▶ _Exercise goal_:
Return every record below exactly as written.

(Data extracted from a collection)
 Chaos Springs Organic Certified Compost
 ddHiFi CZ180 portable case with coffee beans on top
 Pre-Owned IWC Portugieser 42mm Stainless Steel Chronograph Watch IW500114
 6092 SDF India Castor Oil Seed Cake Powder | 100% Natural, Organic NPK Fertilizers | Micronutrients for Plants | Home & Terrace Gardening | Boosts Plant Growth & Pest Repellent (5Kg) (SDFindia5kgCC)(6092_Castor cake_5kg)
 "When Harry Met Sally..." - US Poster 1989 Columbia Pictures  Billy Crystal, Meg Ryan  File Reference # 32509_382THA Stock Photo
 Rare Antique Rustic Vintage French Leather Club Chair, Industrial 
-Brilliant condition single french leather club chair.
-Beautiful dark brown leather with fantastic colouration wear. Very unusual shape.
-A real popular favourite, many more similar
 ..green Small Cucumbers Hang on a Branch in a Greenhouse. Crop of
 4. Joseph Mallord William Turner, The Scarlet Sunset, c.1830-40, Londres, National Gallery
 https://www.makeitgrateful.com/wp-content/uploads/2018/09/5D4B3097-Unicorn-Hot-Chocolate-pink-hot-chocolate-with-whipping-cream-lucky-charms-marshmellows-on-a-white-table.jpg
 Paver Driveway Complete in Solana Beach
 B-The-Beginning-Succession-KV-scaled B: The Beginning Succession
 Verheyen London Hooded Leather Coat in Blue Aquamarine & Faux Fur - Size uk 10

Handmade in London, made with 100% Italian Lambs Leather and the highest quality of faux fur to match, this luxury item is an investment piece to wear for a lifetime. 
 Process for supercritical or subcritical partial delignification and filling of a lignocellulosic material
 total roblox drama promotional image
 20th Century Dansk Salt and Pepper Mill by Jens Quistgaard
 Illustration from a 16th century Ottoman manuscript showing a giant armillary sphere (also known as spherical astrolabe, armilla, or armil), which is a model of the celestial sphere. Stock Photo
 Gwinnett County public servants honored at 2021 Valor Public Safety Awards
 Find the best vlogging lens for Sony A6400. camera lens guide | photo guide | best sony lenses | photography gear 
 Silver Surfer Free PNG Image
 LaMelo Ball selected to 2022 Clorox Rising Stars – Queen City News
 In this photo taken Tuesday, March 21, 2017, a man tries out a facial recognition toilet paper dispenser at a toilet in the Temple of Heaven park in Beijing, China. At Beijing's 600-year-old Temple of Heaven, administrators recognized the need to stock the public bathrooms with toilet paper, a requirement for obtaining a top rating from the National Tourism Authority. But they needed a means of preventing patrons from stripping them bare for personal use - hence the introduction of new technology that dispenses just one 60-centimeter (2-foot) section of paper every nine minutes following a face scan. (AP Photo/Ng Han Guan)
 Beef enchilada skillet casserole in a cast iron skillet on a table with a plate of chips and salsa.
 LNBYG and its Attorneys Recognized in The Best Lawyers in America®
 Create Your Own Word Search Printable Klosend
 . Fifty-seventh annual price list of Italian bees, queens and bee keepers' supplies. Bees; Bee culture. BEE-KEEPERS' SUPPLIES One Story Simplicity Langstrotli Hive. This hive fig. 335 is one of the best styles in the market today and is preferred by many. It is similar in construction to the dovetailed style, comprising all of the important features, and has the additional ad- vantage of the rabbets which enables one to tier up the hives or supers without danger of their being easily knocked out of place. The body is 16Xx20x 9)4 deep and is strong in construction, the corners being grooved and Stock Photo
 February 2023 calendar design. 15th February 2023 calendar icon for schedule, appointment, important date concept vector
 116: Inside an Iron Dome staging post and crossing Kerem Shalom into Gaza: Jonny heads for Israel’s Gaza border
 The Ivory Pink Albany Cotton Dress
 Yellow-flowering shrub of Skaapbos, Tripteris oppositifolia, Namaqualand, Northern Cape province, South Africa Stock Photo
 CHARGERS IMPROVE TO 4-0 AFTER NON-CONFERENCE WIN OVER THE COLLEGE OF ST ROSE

▶ _Reply to the task_:
 Chaos Springs Organic Certified Compost
 ddHiFi CZ180 portable case with coffee beans on top
 Pre-Owned IWC Portugieser 42mm Stainless Steel Chronograph Watch IW500114
 6092 SDF India Castor Oil Seed Cake Powder | 100% Natural, Organic NPK Fertilizers | Micronutrients for Plants | Home & Terrace Gardening | Boosts Plant Growth & Pest Repellent (5Kg) (SDFindia5kgCC)(6092_Castor cake_5kg)
 "When Harry Met Sally..." - US Poster 1989 Columbia Pictures  Billy Crystal, Meg Ryan  File Reference # 32509_382THA Stock Photo
 Rare Antique Rustic Vintage French Leather Club Chair, Industrial 
-Brilliant condition single french leather club chair.
-Beautiful dark brown leather with fantastic colouration wear. Very unusual shape.
-A real popular favourite, many more similar
 ..green Small Cucumbers Hang on a Branch in a Greenhouse. Crop of
 4. Joseph Mallord William Turner, The Scarlet Sunset, c.1830-40, Londres, National Gallery
 https://www.makeitgrateful.com/wp-content/uploads/2018/09/5D4B3097-Unicorn-Hot-Chocolate-pink-hot-chocolate-with-whipping-cream-lucky-charms-marshmellows-on-a-white-table.jpg
 Paver Driveway Complete in Solana Beach
 B-The-Beginning-Succession-KV-scaled B: The Beginning Succession
 Verheyen London Hooded Leather Coat in Blue Aquamarine & Faux Fur - Size uk 10

Handmade in London, made with 100% Italian Lambs Leather and the highest quality of faux fur to match, this luxury item is an investment piece to wear for a lifetime. 
 Process for supercritical or subcritical partial delignification and filling of a lignocellulosic material
 total roblox drama promotional image
 20th Century Dansk Salt and Pepper Mill by Jens Quistgaard
 Illustration from a 16th century Ottoman manuscript showing a giant armillary sphere (also known as spherical astrolabe, armilla, or armil), which is a model of the celestial sphere. Stock Photo
 Gwinnett County public servants honored at 2021 Valor Public Safety Awards
 Find the best vlogging lens for Sony A6400. camera lens guide | photo guide | best sony lenses | photography gear 
 Silver Surfer Free PNG Image
 LaMelo Ball selected to 2022 Clorox Rising Stars – Queen City News
 In this photo taken Tuesday, March 21, 2017, a man tries out a facial recognition toilet paper dispenser at a toilet in the Temple of Heaven park in Beijing, China. At Beijing's 600-year-old Temple of Heaven, administrators recognized the need to stock the public bathrooms with toilet paper, a requirement for obtaining a top rating from the National Tourism Authority. But they needed a means of preventing patrons from stripping them bare for personal use - hence the introduction of new technology that dispenses just one 60-centimeter (2-foot) section of paper every nine minutes following a face scan. (AP Photo/Ng Han Guan)
 Beef enchilada skillet casserole in a cast iron skillet on a table with a plate of chips and salsa.
 LNBYG and its Attorneys Recognized in The Best Lawyers in America®
 Create Your Own Word Search Printable Klosend
 . Fifty-seventh annual price list of Italian bees, queens and bee keepers' supplies. Bees; Bee culture. BEE-KEEPERS' SUPPLIES One Story Simplicity Langstrotli Hive. This hive fig. 335 is one of the best styles in the market today and is preferred by many. It is similar in construction to the dovetailed style, comprising all of the important features, and has the additional ad- vantage of the rabbets which enables one to tier up the hives or supers without danger of their being easily knocked out of place. The body is 16Xx20x 9)4 deep and is strong in construction, the corners being grooved and Stock Photo
 February 2023 calendar design. 15th February 2023 calendar icon for schedule, appointment, important date concept vector
 116: Inside an Iron Dome staging post and crossing Kerem Shalom into Gaza: Jonny heads for Israel’s Gaza border
 The Ivory Pink Albany Cotton Dress
 Yellow-flowering shrub of Skaapbos, Tripteris oppositifolia, Namaqualand, Northern Cape province, South Africa Stock Photo
 CHARGERS IMPROVE TO 4-0 AFTER NON-CONFERENCE WIN OVER THE COLLEGE OF ST ROSE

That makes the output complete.